This project is to create a streaming ETL with python. Its primary objective is to seamlessly integrate data from various sources and efficiently load it into Elasticsearch.
-
Linux Ubuntu machine with 16 GB RAM and a 6-core Intel Core i5 CPU 8400 and 500 GB disk space
-
ELK stack v7.6.0
-
Python 3.6
Dataset Sharing Notice
Please note that the dataset associated with this project cannot be shared in this GitHub repository. If you require access to the dataset for research or other purposes, please contact us through Github.
Prepare python environment
virtualenv -p python3 es_etl
source es_etl/bin/activate
pip install -r scripts/requirements.txt
Deploy elasticsearch and kibana. Instructions with Docker are here.
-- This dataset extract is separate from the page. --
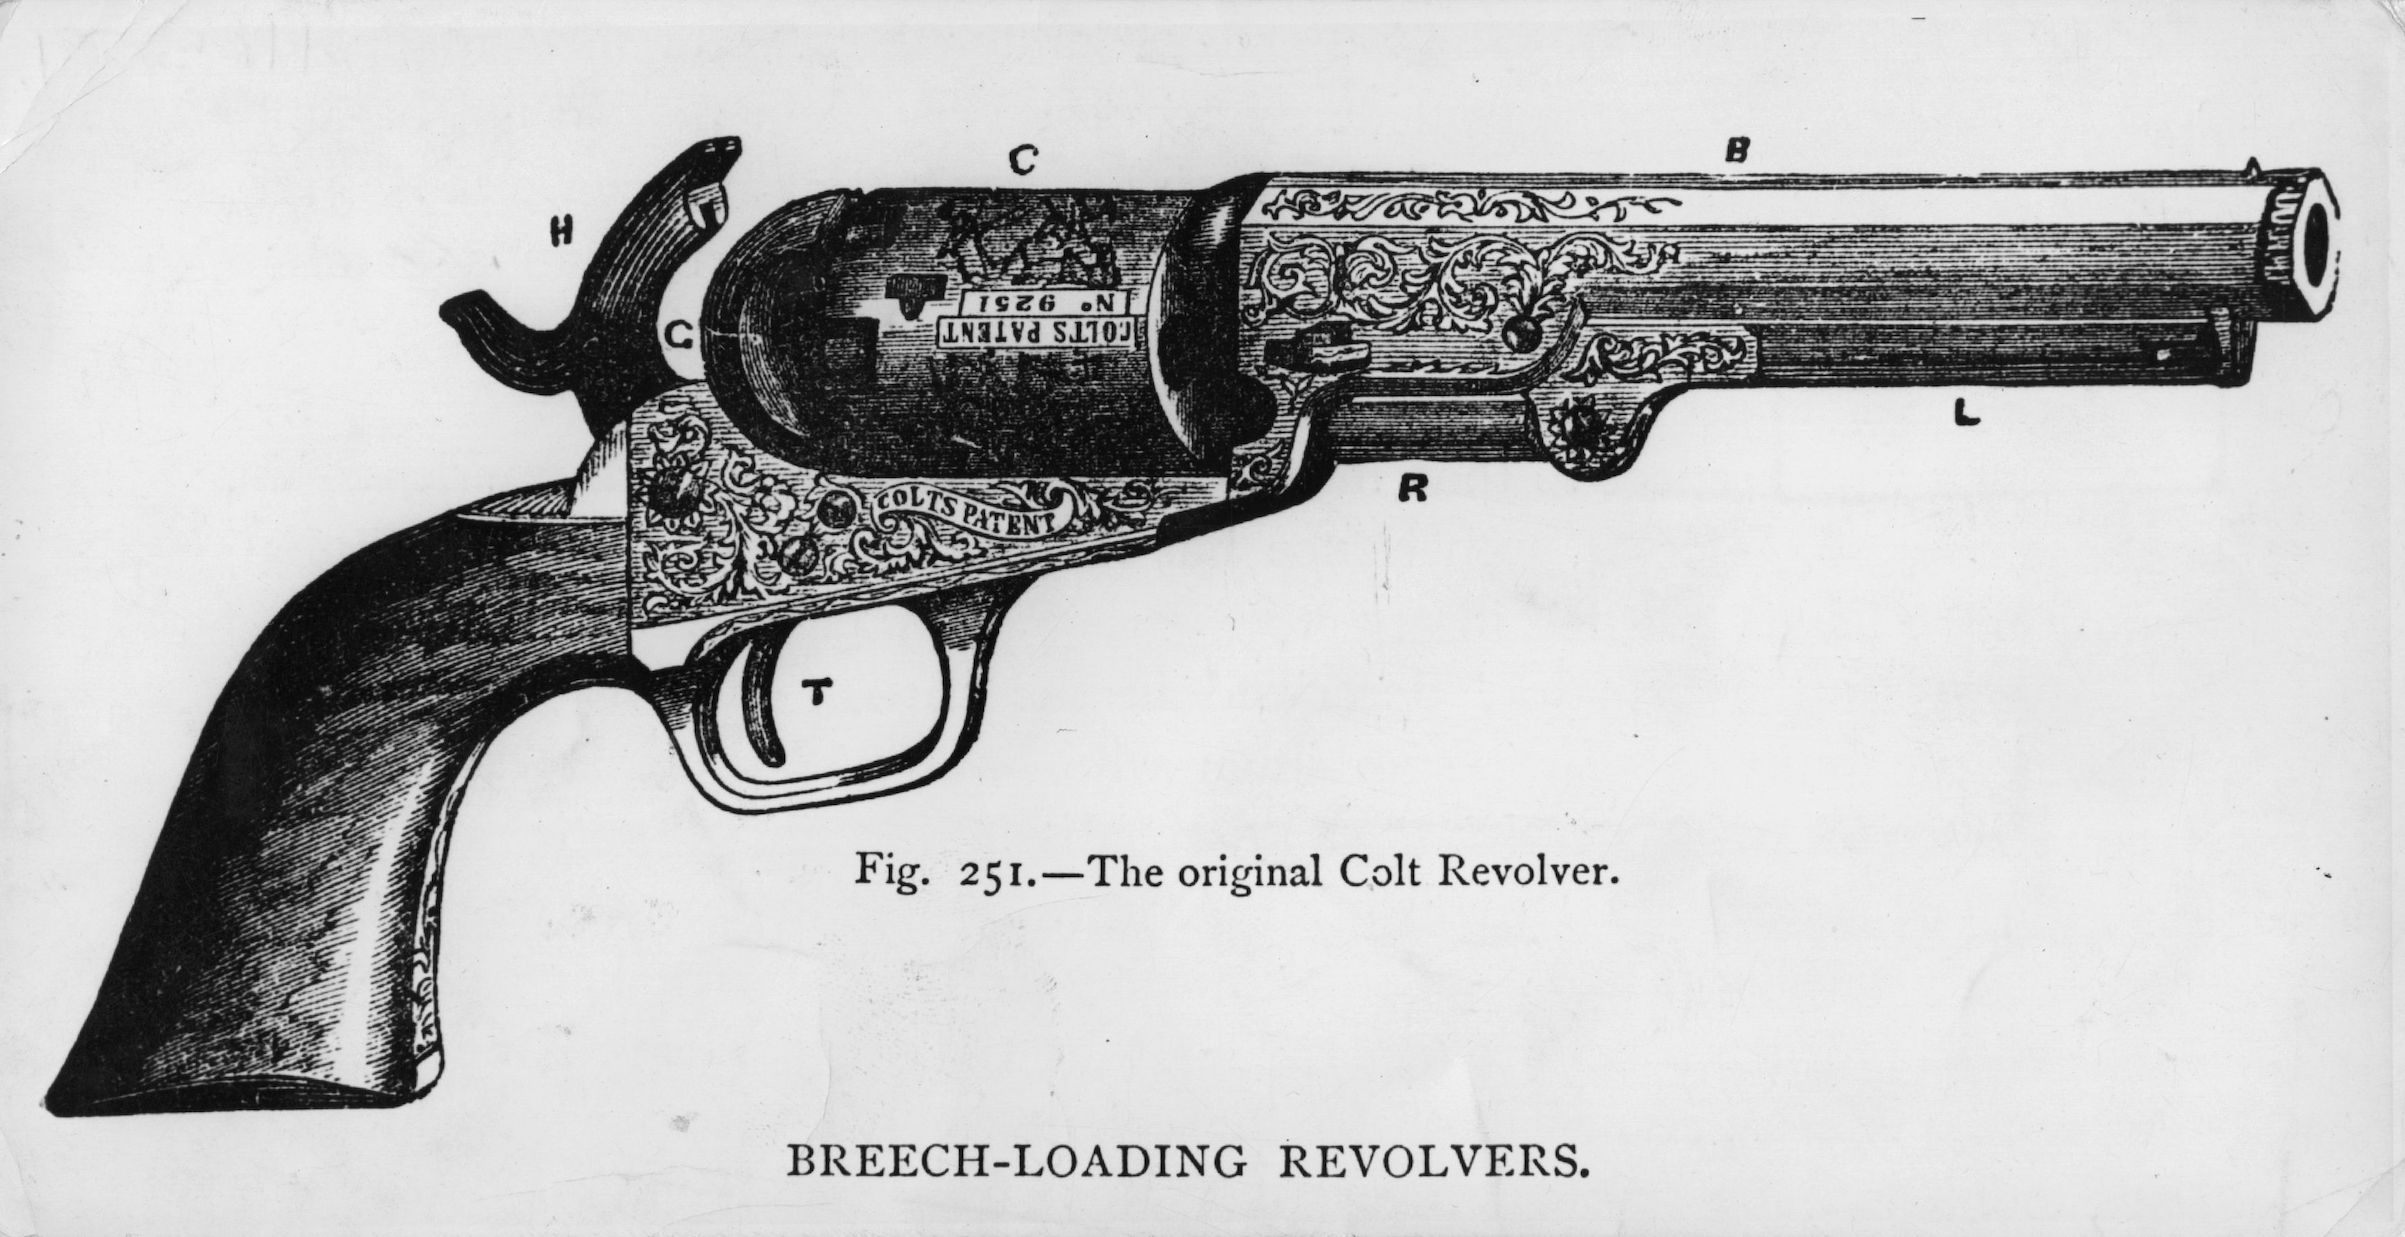 circa 1835:  The original Colt revolver, as patented by Colonel Samuel Colt. (Getty Images)

To start a run of the streaming ETL, It is required to configure the file etl_conf.json
Below a helper to configure the configuration file
Conf.json defines the input, output and mappings configuration for IAT
{
"input":xxx,
"mapping":xxx,
"output":xxx
}
For file
{
"source_type":"file",
"file_path":"/home/ttngo/code/evaluationELK/dataset/data-aydat-2020-3month.json"
}
For Logstash
{
"source_type":"Logstash",
"host":127.0.0.1,
"port":5002
}
{ "mapping_file":"mappings_aydat.json" }
For file
{
"source_type":"file",
"file_path":"output.json"
}
For ES
{
"source_type":"ES",
"host":"127.0.0.1",
"port":9200,
"target_index":"target_index_3month"
}
For standard output
{"source_type":"stdout"}
After configuration, run the ETL process
python3 etl.py
[1] Ngo, Thi Thu Trang, David Sarramia, Myoung-Ah Kang, and François Pinet. An Analytical Tool for Georeferenced Sensor Data based on ELK Stack. In 7th International Conference on Geographical Information Systems Theory, Applications and Management, SCITEPRESS-Science and Technology Publications (2021).
[2] Ngo, Thi Thu Trang, David Sarramia, Myoung-Ah Kang, and François Pinet. A New Approach Based on ELK Stack for the Analysis and Visualisation of Geo-referenced Sensor Data. in the Springer Nature Computer Science journal (2023).